Pixar is back at it with another original film, and their track record for such is pretty amazing. Not to be confused with 2014’s Book of Life, despite a very similar look and story, Coco tells the tale of aspiring musician Miguel as he teams up with charming trickster Hector on an extraordinary journey through the Land of the Dead. With Coco, Disney/Pixar are delving deep into the culture and traditions behind Día de los Muertos. This is particularly exciting because this Mexican holiday is not often explored in cinema. At the very least, I expect Coco to be fun, colorful, and heartfelt. Pixar has set its bar for excellence high when producing original works and I’m excited to see what visual treats they have in store.
These two words resonate throughout the beautiful, vibrant adventure that is Disney Pixar’s Coco. In Mexican culture, Día de los Muertos (Day of the Dead) is a multi-day holiday that focuses on gatherings to pray for and remember friends and family who have died, and to help support their spiritual journey. One of the traditions around this is the creation of an ofrenda in each home (a special altar composed of pictures or tokens that commemorate one’s deceased loved one). According to the story of Coco, if the dead are represented on the ofrenda then their spirits may pass over once a year and visit their loved ones that remain in the living world. So while remembrance is especially important for the living, to the dead, being remembered is what they “live” for.
At the center of Coco is twelve-year old Miguel (Anthony Gonzalez), a young boy with music in his bones. Unfortunately for him, his great-great-grandfather left his wife and child to pursue musical dreams, and the family abandonment has never been forgiven by Miguel’s relatives. Miguel’s family blames music and will not allow it to be a part of their lives. The only family member that is not strongly opposed is Miguel’s very old great-grandmother Coco, and he feels a connection to her unlike the rest. Eventually, Miguel’s pursuit of his musical dreams results in antics that lead to him ending up in the Land of the Dead where he teams up with Hector (Gael García Bernal) and goes on a journey to find musical legend Ernesto de la Cruz (Benjamin Bratt), who he believes to be his great-great-grandfather.
Throughout Miguel’s journey, much is learned about Día de los Muertos. Coco serves as something of a love letter to this unique cultural holiday and is an important history lesson for those not familiar with it. I knew very little about it myself aside from the parades I’d seen represented in movies and the typically seen calavera (known to most by the term “sugar skulls”). This aspect of the film was by far the best part of it for me, as coming out of I felt a new appreciation for something I’d never understood. Directly after my screening of Coco, a Hispanic father tapped me on my shoulder and asked what I thought of the film. I explained how intriguing the cultural history lesson was and he told me that he was so pleased by the representation of his life on the big screen and that he was very glad I now had more respect for traditions that are so widely misunderstood. This interaction confirmed that Pixar’s film has extreme value for the people it depicts, which is further evident in its setting of Mexican box office records.

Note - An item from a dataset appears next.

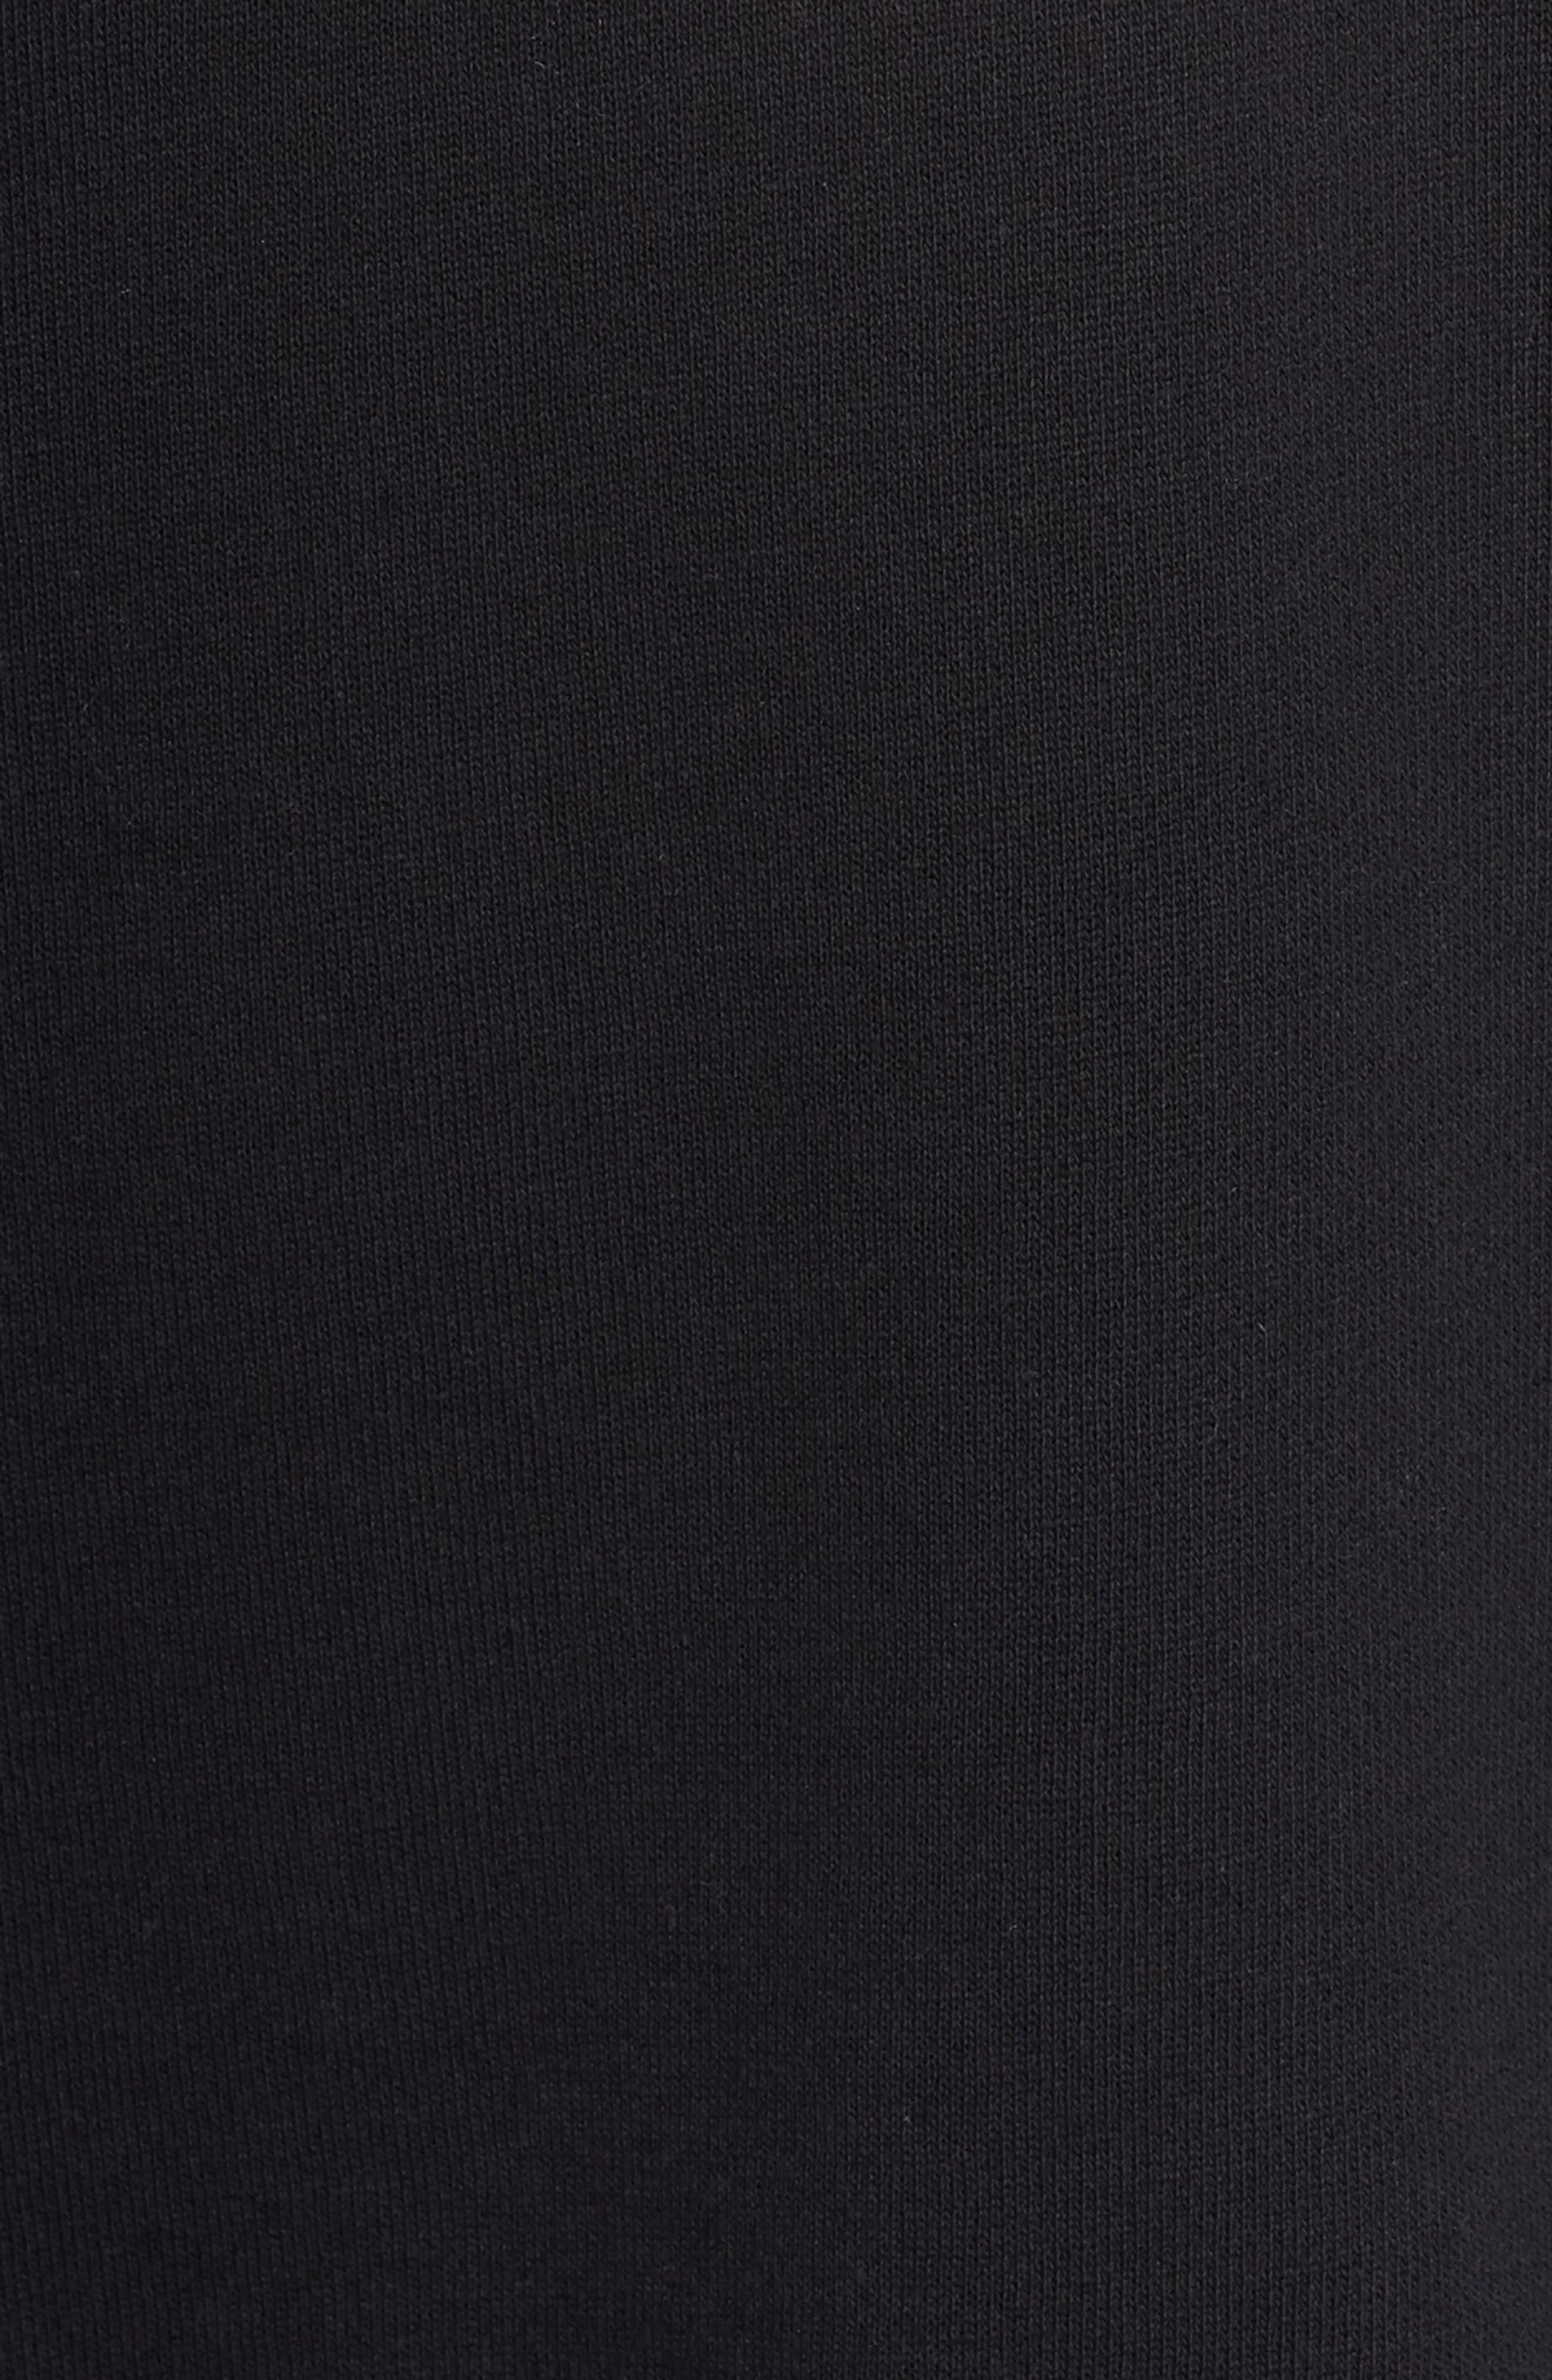 Archive Sweatshirt,                             Alternate thumbnail 6, color,                             BLACK/ BLACK/ BLACK

As an adventure story, though, Coco never becomes great. There are themes here about pursuing your dreams, not being too controlling, listening to your elders, the power of music, and also heavier spiritual topics surrounding life after death. But despite some cute animal sidekicks, a fun banter-filled relationship between Miguel and Hector, and beautiful animation, there is just nothing very memorable about this Pixar tale. Yes, our protagonist and others learn lessons that better them, and its entertaining to watch the journey unfold, but a few days after seeing it you will likely have forgotten character names and specifics. There are also no memorable songs aside from “Remember Me,” which to be fair isn’t something Pixar typically focuses on, but with this being a film all about music would have enhanced it quite a bit. Authenticity is important, however, and the songs we do have feel very much like they belong. At times the lyrics and dialogue in the film alternate between English and Spanish. With no subtitles, I didn’t always understand fully what was being said, but the meaning was conveyed and I appreciated this little attention to detail and lack of catering to only an American audience.

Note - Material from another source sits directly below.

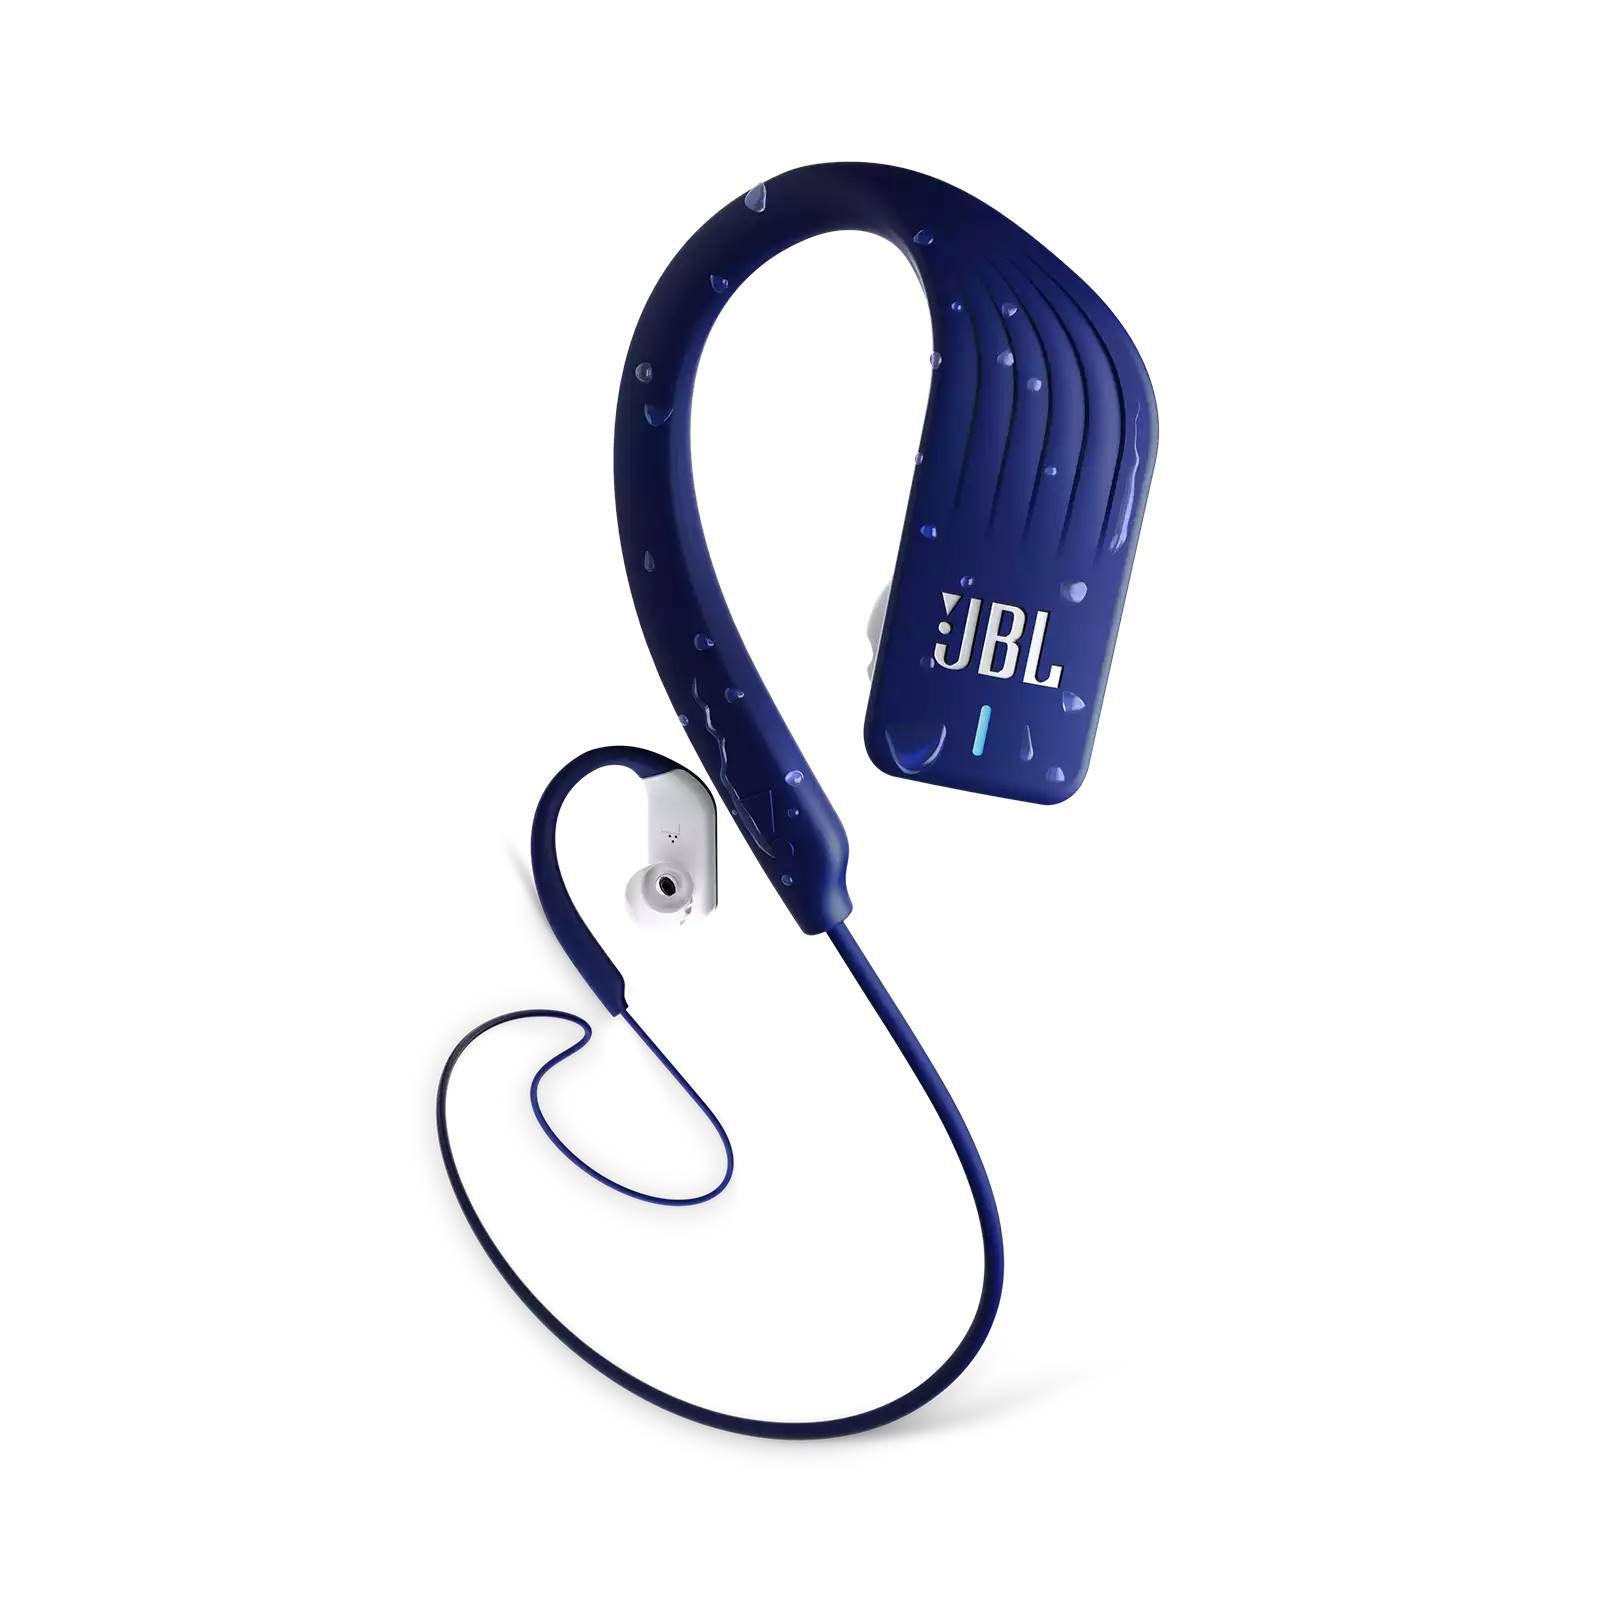 Fone de Ouvido Bluetooth JBL Endurance Sprint - Azul e Branco JBLENDURSPRINTBLU

Coco is not Pixar’s best film, so don’t expect to be blown away emotionally. It is, however, a perfectly fun, fantastical adventure wrapped in an incredibly important history lesson of a culture most are not familiar with. Coco will likely resonate more with those it represents and that is a wonderful thing. It’s also the kind of film that will give you something to discuss with your children and help expand their knowledge of the world and people in a meaningful way. Not every movie is going to be “play the Blu-ray on repeat” good. Coco certainly isn’t, but it’s worth seeing once.
Aaron White is a Seattle-based film critic and co-creator/co-host of the Feelin’ Film Podcast. He is also a member of the Seattle Film Critics Society. He writes reviews with a focus on how his expectations influenced his experience. Follow him on Facebook and Twitter to be notified when new content is posted.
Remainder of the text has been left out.